昨今、大企業がコーポレート・ベンチャー・キャピタル(CVC)を設立する動きが目立っている。ベンチャー企業とのオープンイノベーションを推進するための手段としてCVCファンドを設立し、ベンチャー企業に投資したものの、思ったように事業シナジーを創出できず、オープンイノベーションが進まないといったケースも多い。そこで、CVCファンドを通じてベンチャー企業との事業シナジーを創出する上で欠かせない、3つの視点を提示したい。

投資するだけでは
成果は生まれない

青木義則(AOKI,YOSHINORI)
PwCアドバイザリーのディールズストラテジー部門のリーダーとして、M&A戦略からビジネスデューデリジェンス、統合後の戦略再構築など、M&Aにかかる戦略課題を中心にクライアント企業を総合的に支援している。博士(工学)。

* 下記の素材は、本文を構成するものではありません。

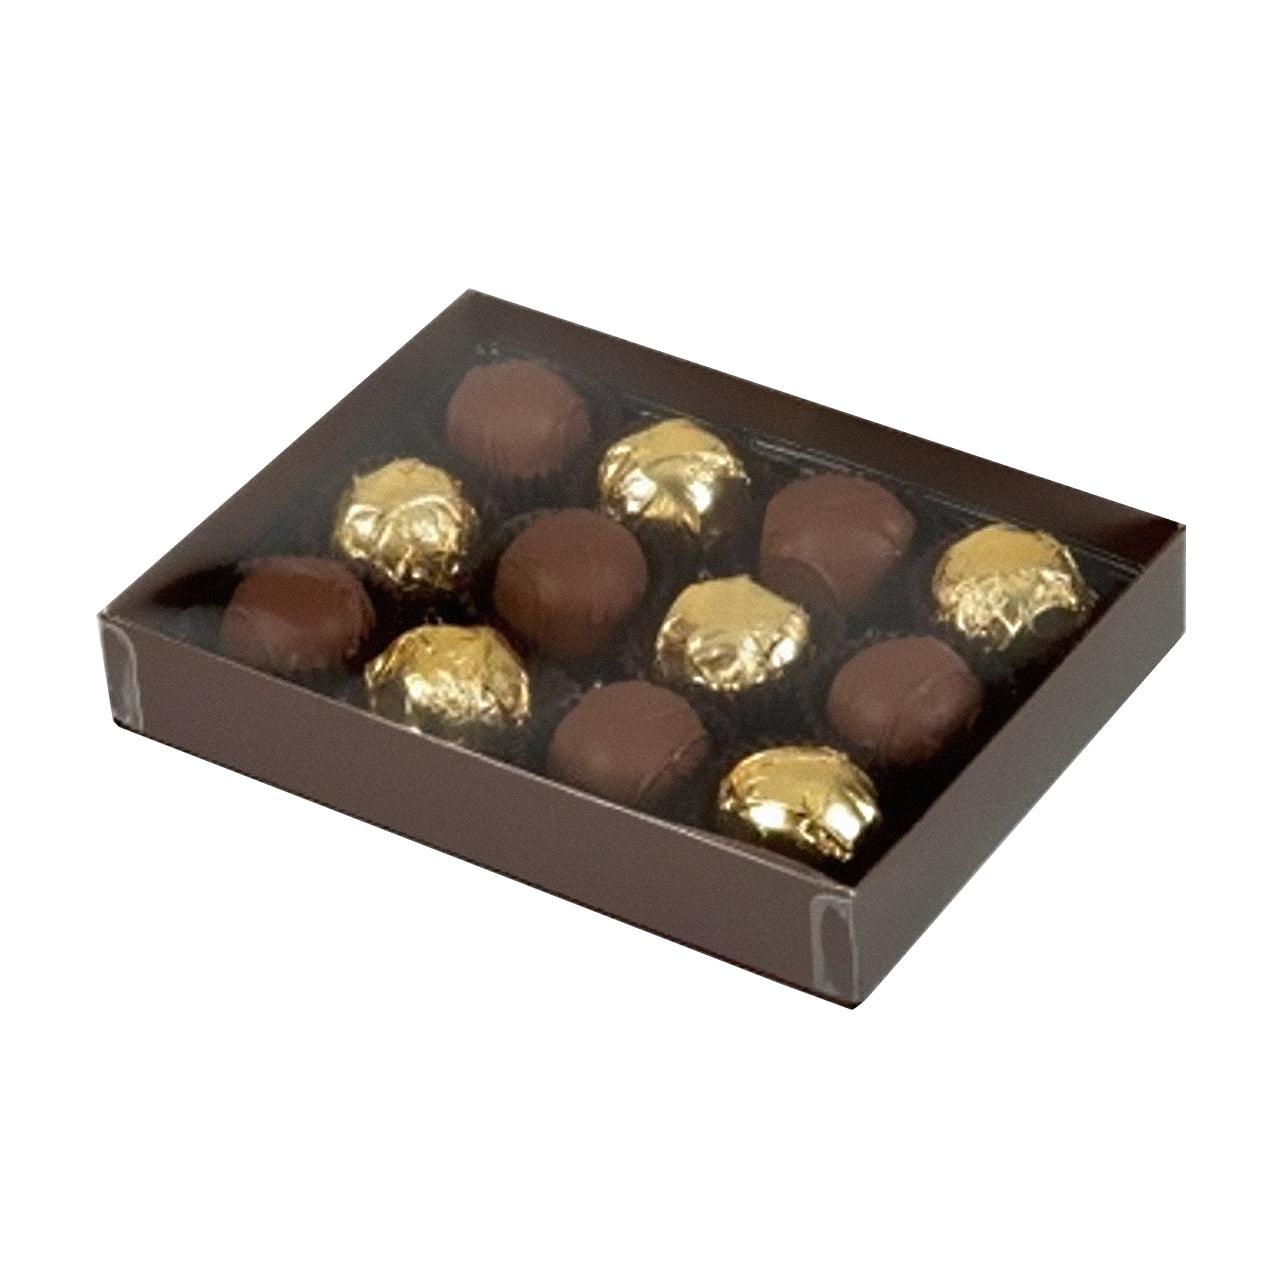 Large Single Layer Brown Box for 12 Candies - ViaCheff.com

 筆者は、これまでのCVCファンド運用サポートの経験から、CVCファンドを運用する大企業がベンチャー企業との事業シナジー創出において成果を出すためには、以下の3つの視点を持つことが肝要だと考えている。

①目的は明確になっているか

 多くのCVC関係者は、事業シナジー創出を目的としてCVCファンドを設立したと語るが、そこからさらに一歩踏み込んで考えを深めてみてほしい。

 たとえば、「どのような新規事業を立ち上げたいのか」「対象となる事業領域はどこか」「要素技術や人材を獲得する目的での投資も含むのか」など、可能な限りイメージを具体化してみてほしい。

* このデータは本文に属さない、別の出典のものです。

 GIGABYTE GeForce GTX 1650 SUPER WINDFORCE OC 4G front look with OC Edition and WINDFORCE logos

 このように「目的」の検討を深めることによって、投資対象のイメージがより具体化する。逆に、対象イメージが曖昧なまま投資を行うと、投資そのものが目的化してしまい、投資実績の案件数は積み上がるものの、何を狙ったファンドなのかよくわからないポートフォリオとなってしまう危険性がある。

 次に、CVCファンドの目的である事業シナジーと、ファンドとしての財務リターンの関係についても、考えてみたい。

 我々の調査 では、CVC実務担当者の約半数が事業シナジーと財務リターンの両方を求めていると回答した。財務リターンを求めるのであれば、その基準や、事業シナジーとの優先順位を明確にしておかないと、投資の意思決定において判断がぶれてしまう。「技術は良いけど儲からなさそう」「儲かりそうだけど事業シナジーが弱い」といった議論が毎回繰り返され、案件ごとに場当たり的な意思決定が下されていく(または、どの案件も意思決定できない)リスクが生じる。

※ PwCアドバイザリー合同会社「CVC実態調査2017」。日本国内のCVC実務従事者を対象にしたアンケート調査。

 ベンチャー投資に不慣れな場合などは、財務リターンの基準設定が難しいかもしれないが、ベンチャー投資はリスクが高アセットなので、最初は小さく始めてその中からうまくいきそうな会社を大きくするといったアプローチでリスクコントロールを図ることは、念頭に置いておいたほうがいい。

 また、財務リターンをまったく無視するのもお勧めできない。投資先が破たんしてしまえば、そもそも事業シナジーの実現は不可能である点を肝に銘じておくべきであろう。

 加えて、財務リターンがなければファンドとしての持続可能性を担保できず、経営陣が代わった際などに真っ先に清算の対象となりかねない。